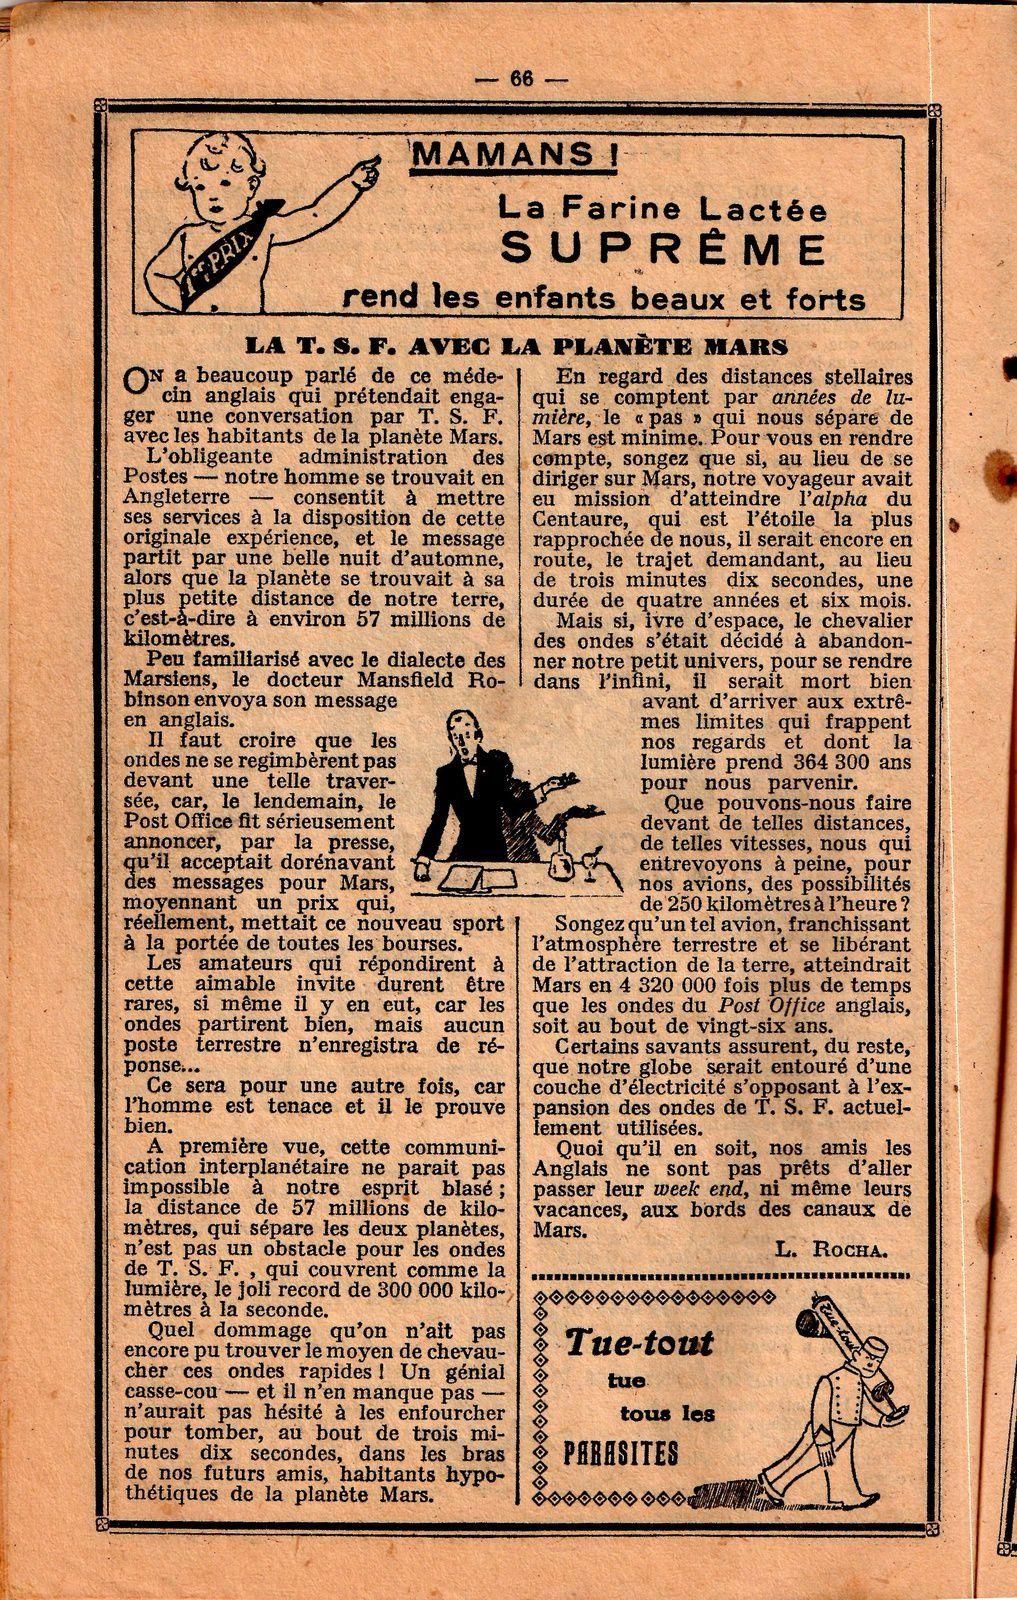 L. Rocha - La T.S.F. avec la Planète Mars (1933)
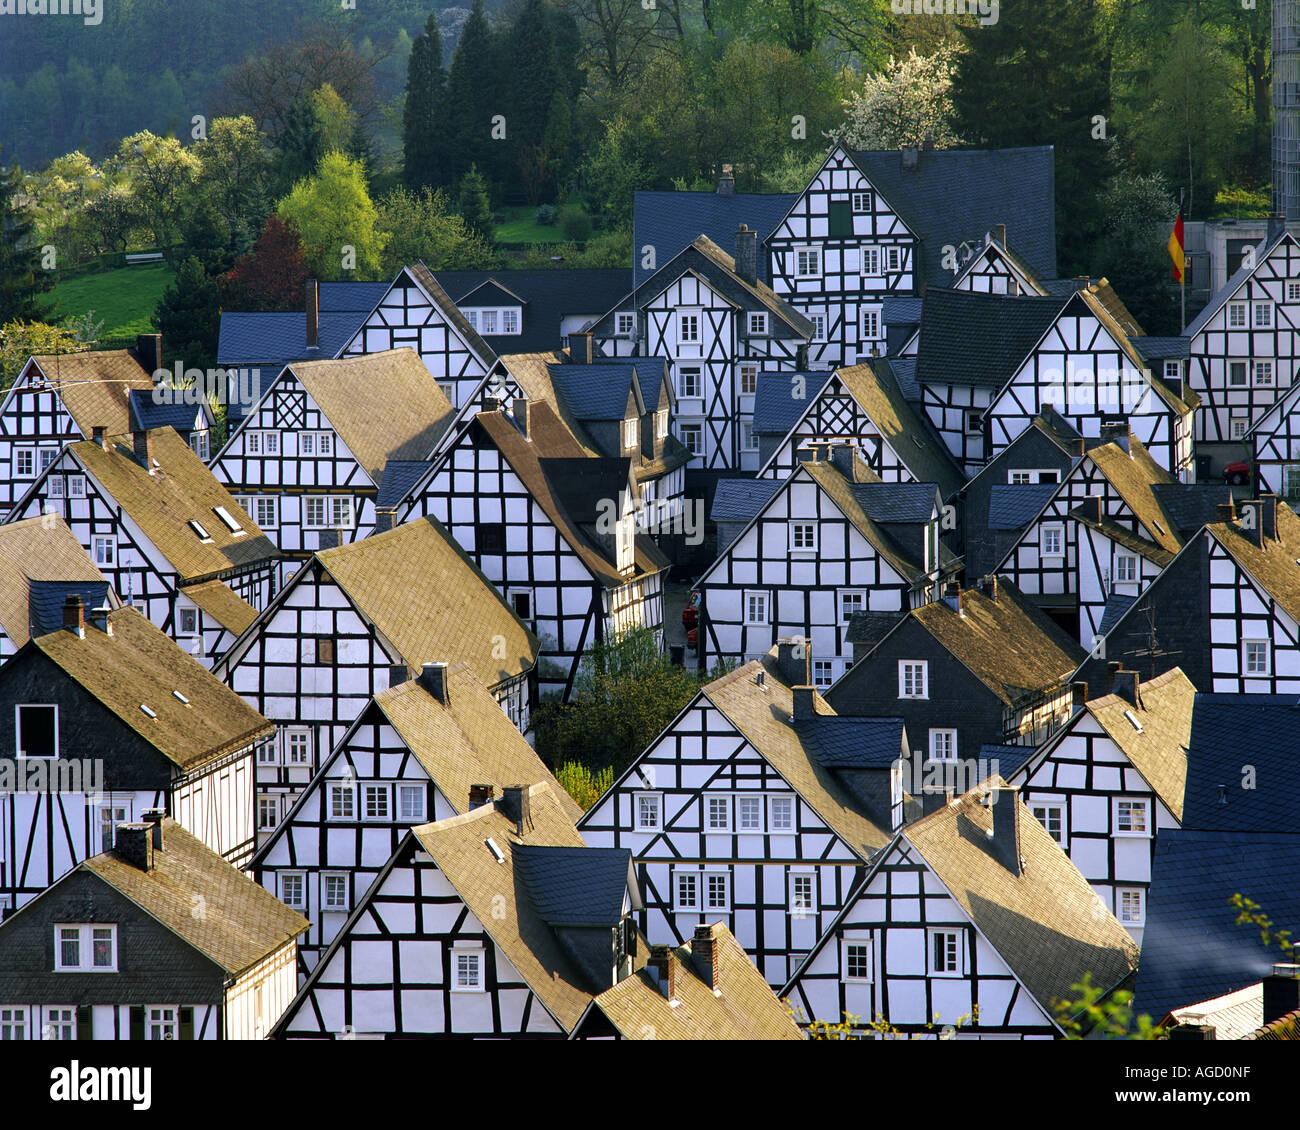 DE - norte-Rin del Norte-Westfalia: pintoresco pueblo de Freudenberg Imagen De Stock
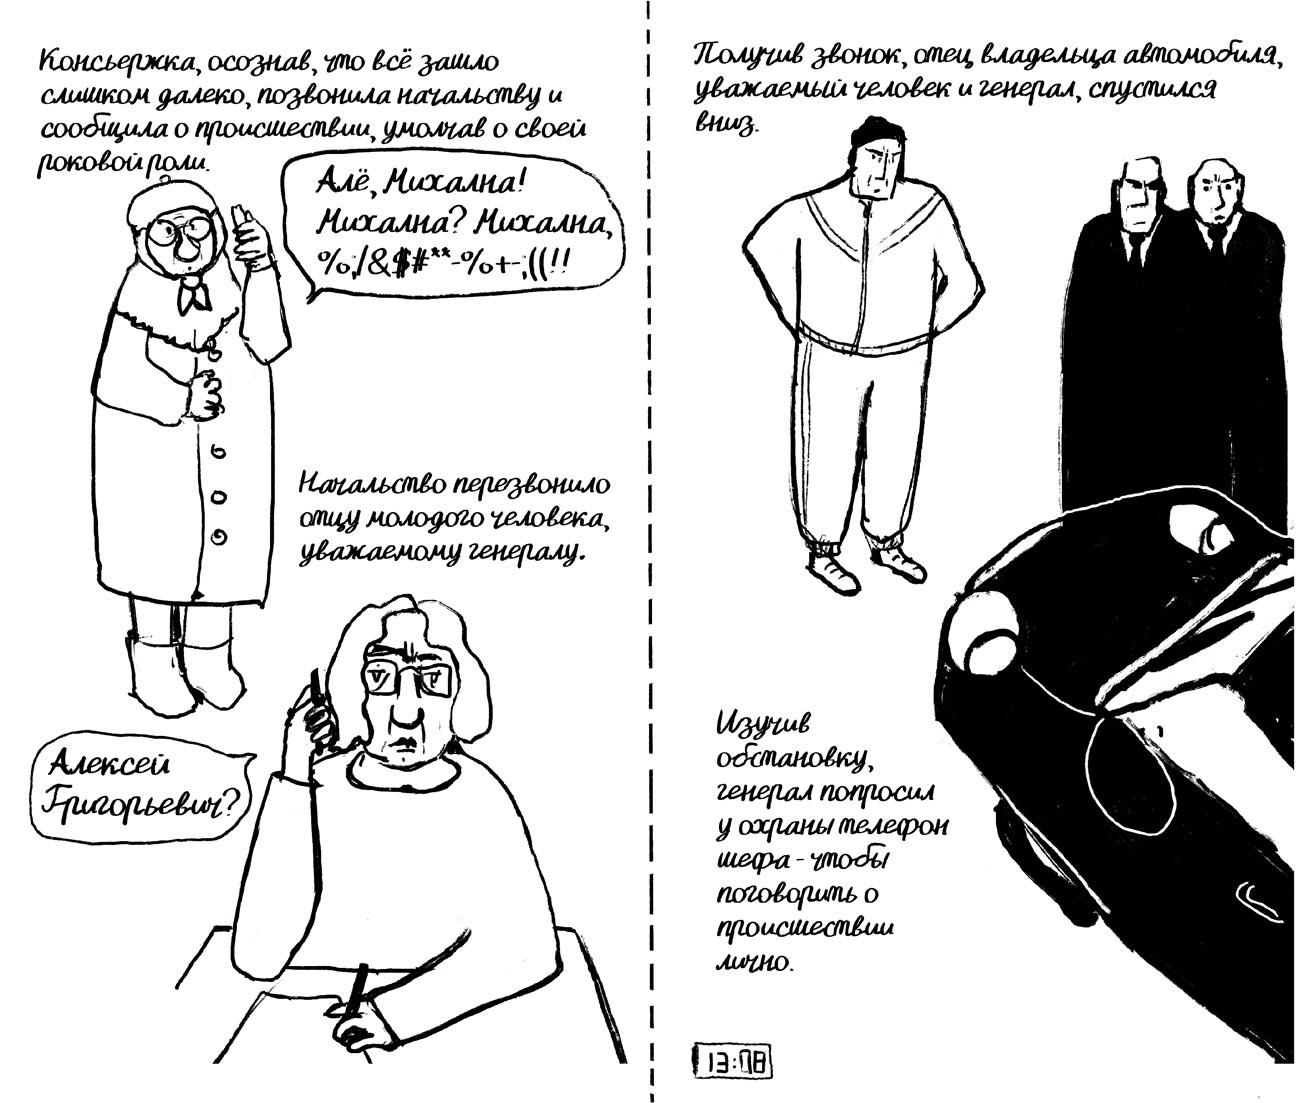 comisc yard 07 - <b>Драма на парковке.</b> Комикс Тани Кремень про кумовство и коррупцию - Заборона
◆ ◆ ◆ ◆ ◆ ◆ ◆
## PROBLEM TO SOLVE
Line by line, write out the data above exactly, without the pictures.

## RESPONSE AREA
 L. Rocha - La T.S.F. avec la Planète Mars (1933)
 DE - norte-Rin del Norte-Westfalia: pintoresco pueblo de Freudenberg Imagen De Stock
 comisc yard 07 - <b>Драма на парковке.</b> Комикс Тани Кремень про кумовство и коррупцию - Заборона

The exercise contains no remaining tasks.